Why is electric flux due to a point charge placed at the face of a hemishpere, cone and cube the same?

Question

In all these 3 cases, the net electric flux is found to be $q/2ε_0$.

I think this has something to do with the integral of $\left(\mathbf{E}\boldsymbol{\cdot}\mathrm d\mathbf{S}\right)$ which appears on the left side of Gauss's Law. We are somehow exploiting the symmetry to arrive at the result where the $\mathbf{E}$ (or electric field) in the formula comes out of the integral. But I don't know how?

Secondly, does the electric flux remain the same when we place the point charge on the face of an unsymmetrical 3d object instead of these 3 objects (cube, cone and hemisphere) ?

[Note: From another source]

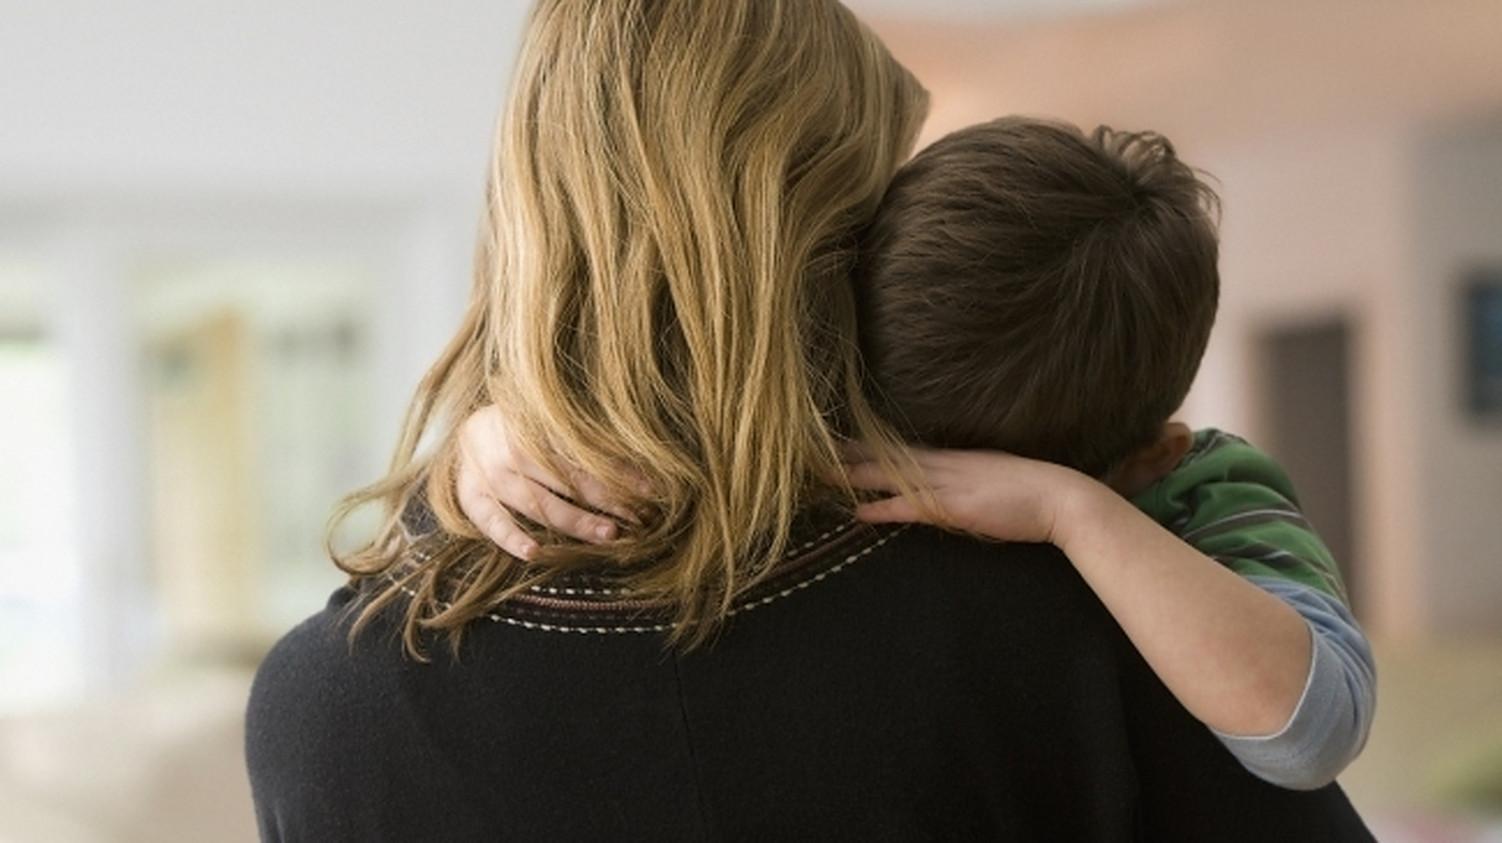 Emoțiile la copii. Cum pot fi ajutați ca să le gestioneze

If anyone would be kind enough to help me out in the simplest way possible, that would make my understanding clear!

Answer 1

By gauss law, we have that $\displaystyle \int \vec{E} \cdot \mathrm{d} \vec{S}=\dfrac{Q_{\text{enc}}}{\epsilon_0}$, so if for example, when a charge is kept on the face of a hemisphere, the charge is not enclosed. We want to enclose it fully in a body such that electric field still remains uniform so that gauss law can be applied. So, we complete the rest half by taking another hemisphere, so now flux through the whole sphere would become $\dfrac{Q_\text{enc}}{\epsilon_0}$, so the flux through the hemisphere would be just half of it due to symmetry. Same goes with cone and cube.